## DATA EXTRACT
· · · ·
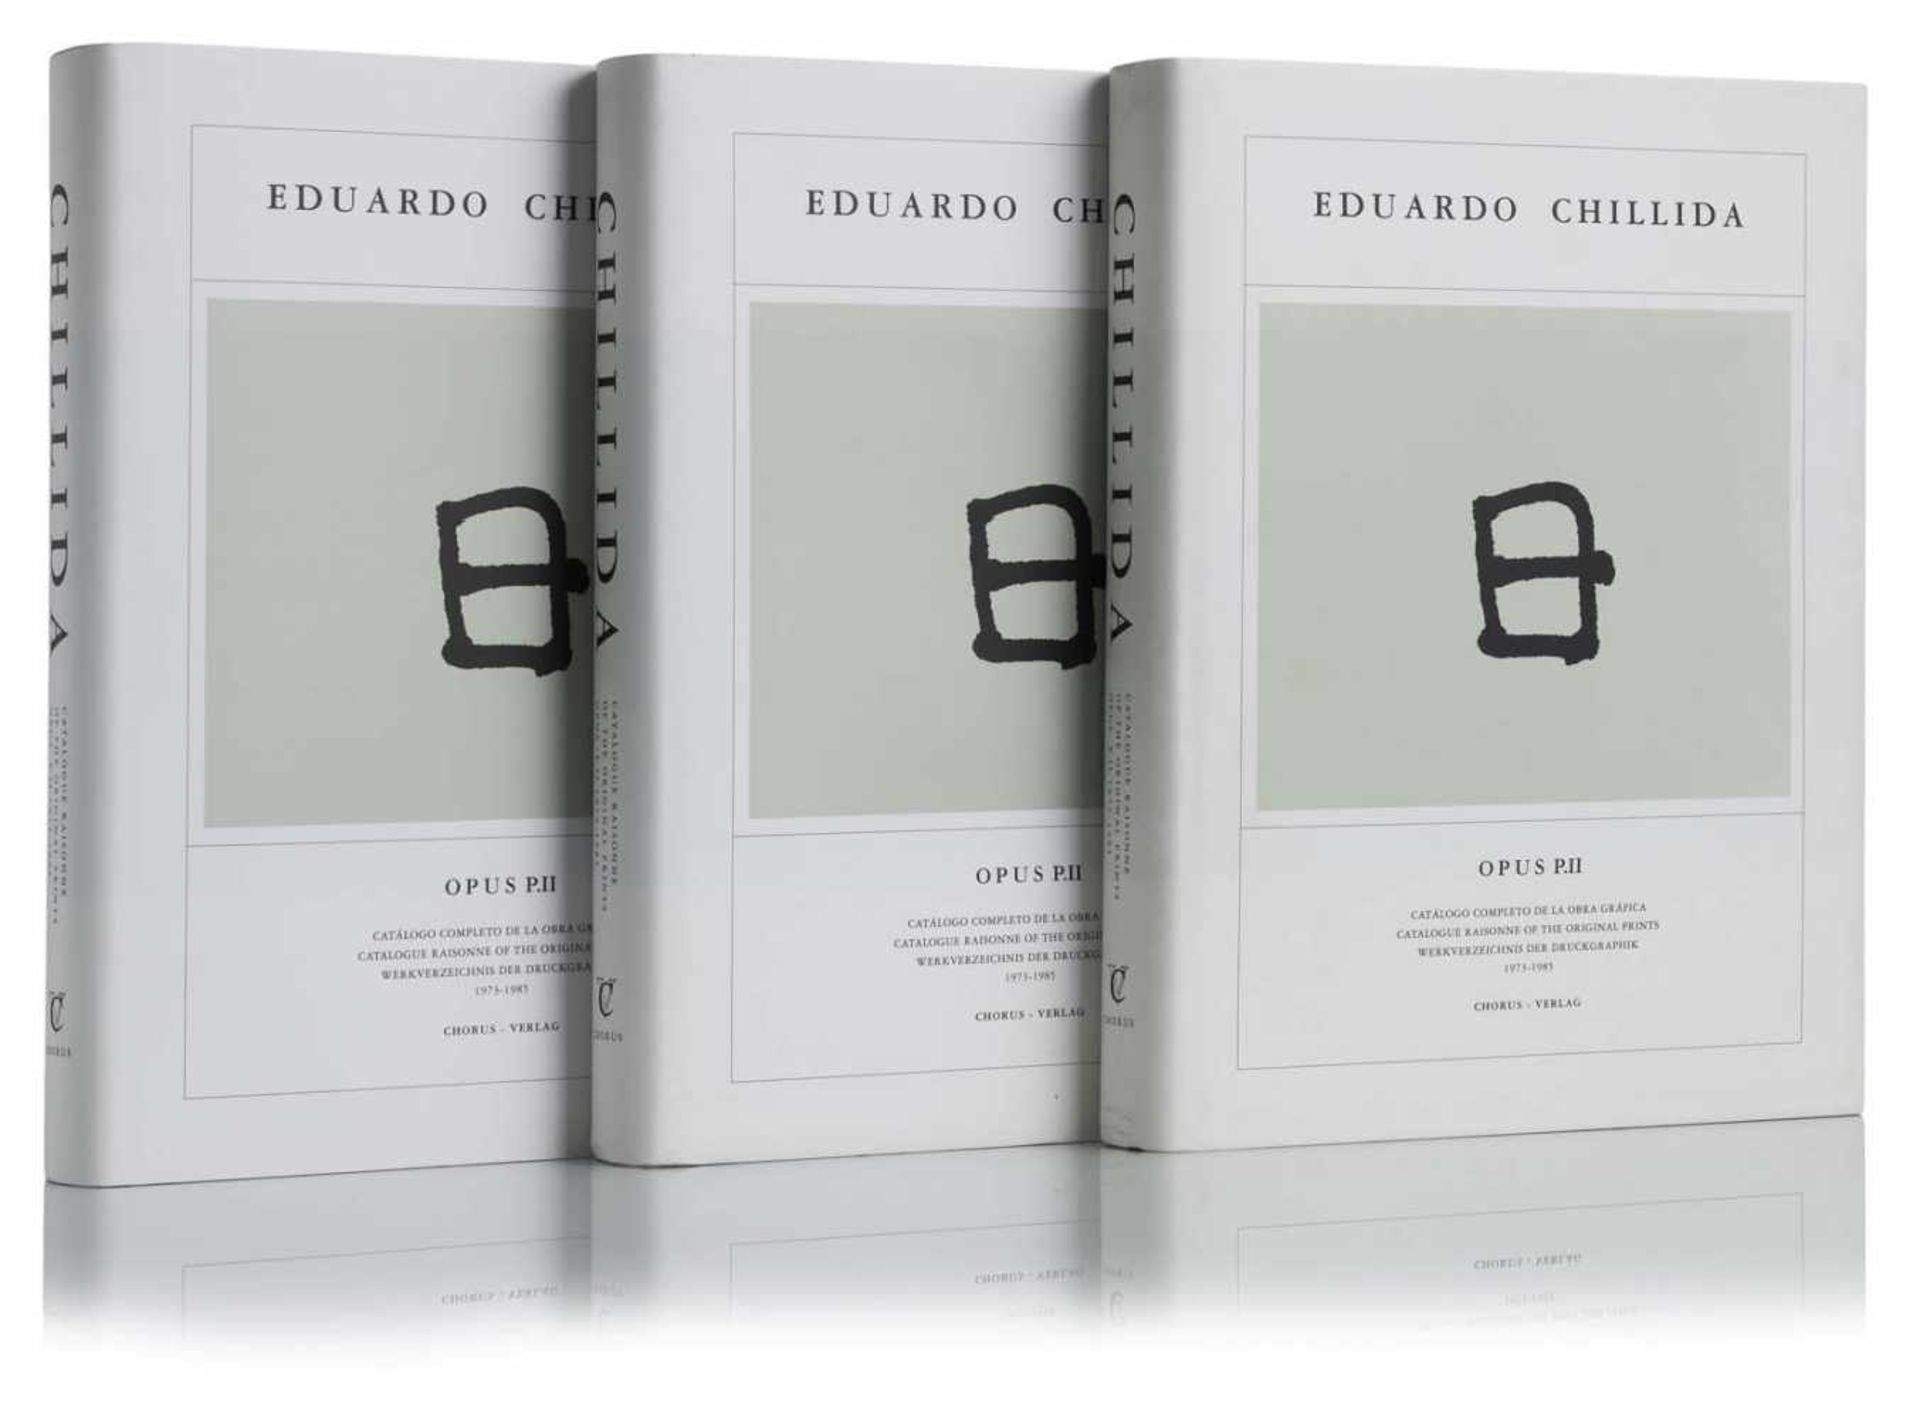 Chillida, EdouardoSan Sebastián, 1924 - 200232 x 24 x 4 cmDrei Bücher: "Opus P.II, Werkverzeichnis
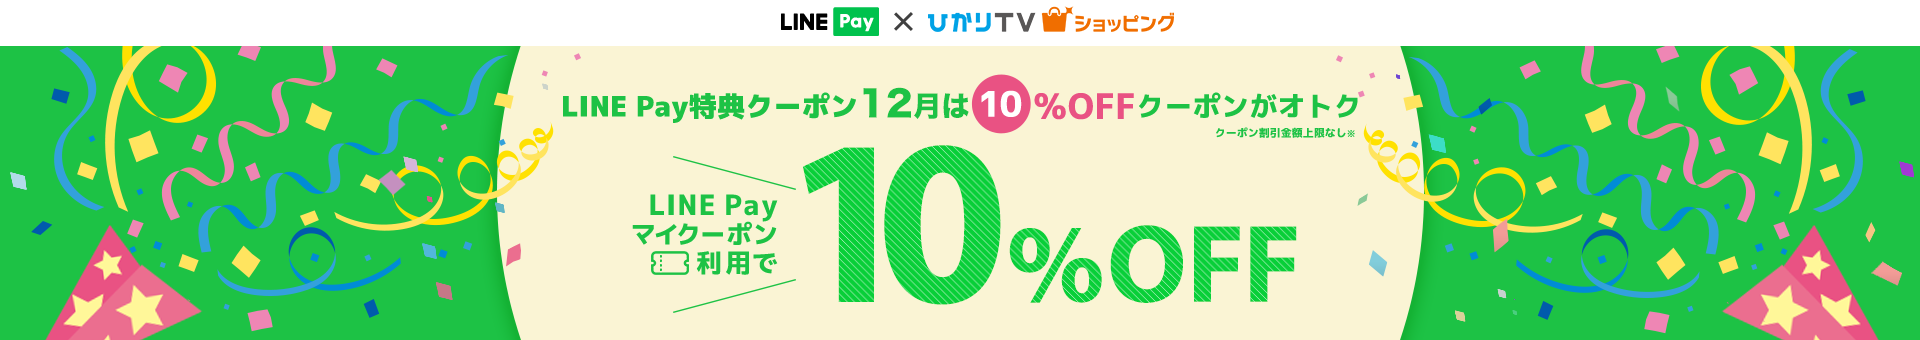 12月15,16日はLINE Payのお支払いがオトク！LINE Payマイクーポン利用で10%OFF!
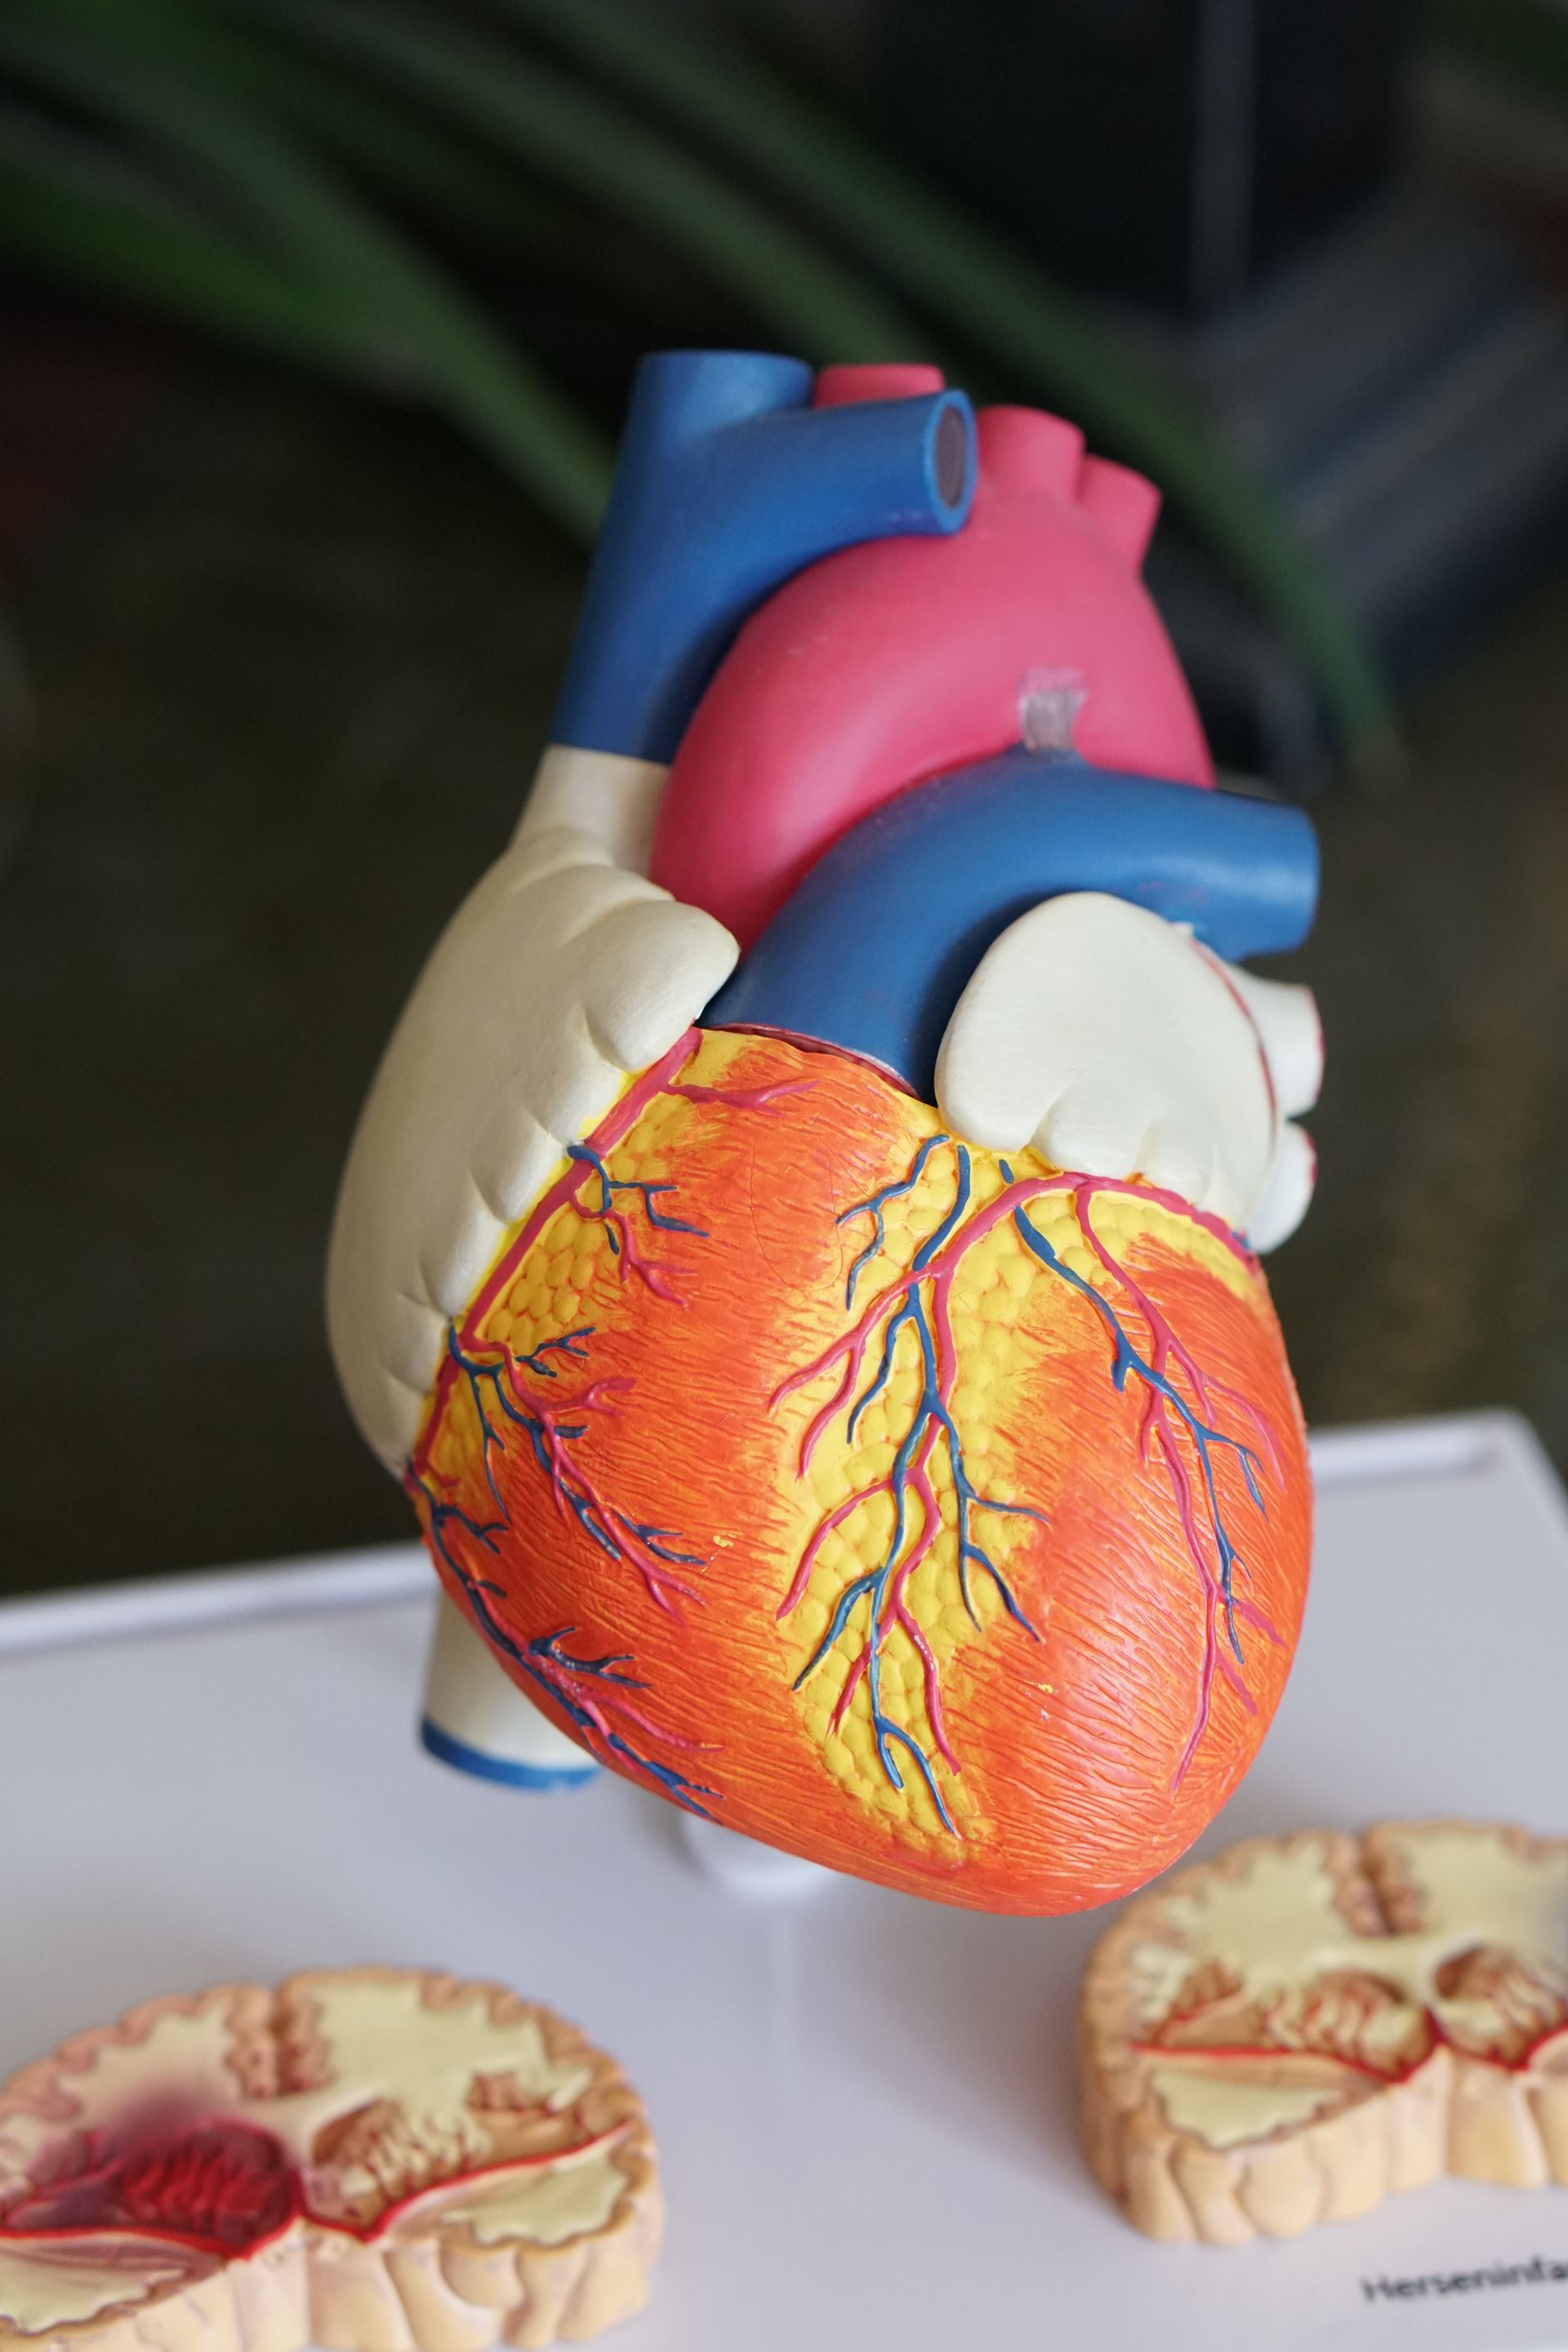 a model of a human organ
· · · ·
## TRY IT
Leave out the pictures, and write out all the remaining data above exactly.

## WRITTEN ANSWER
 Chillida, EdouardoSan Sebastián, 1924 - 200232 x 24 x 4 cmDrei Bücher: "Opus P.II, Werkverzeichnis
 12月15,16日はLINE Payのお支払いがオトク！LINE Payマイクーポン利用で10%OFF!
 a model of a human organ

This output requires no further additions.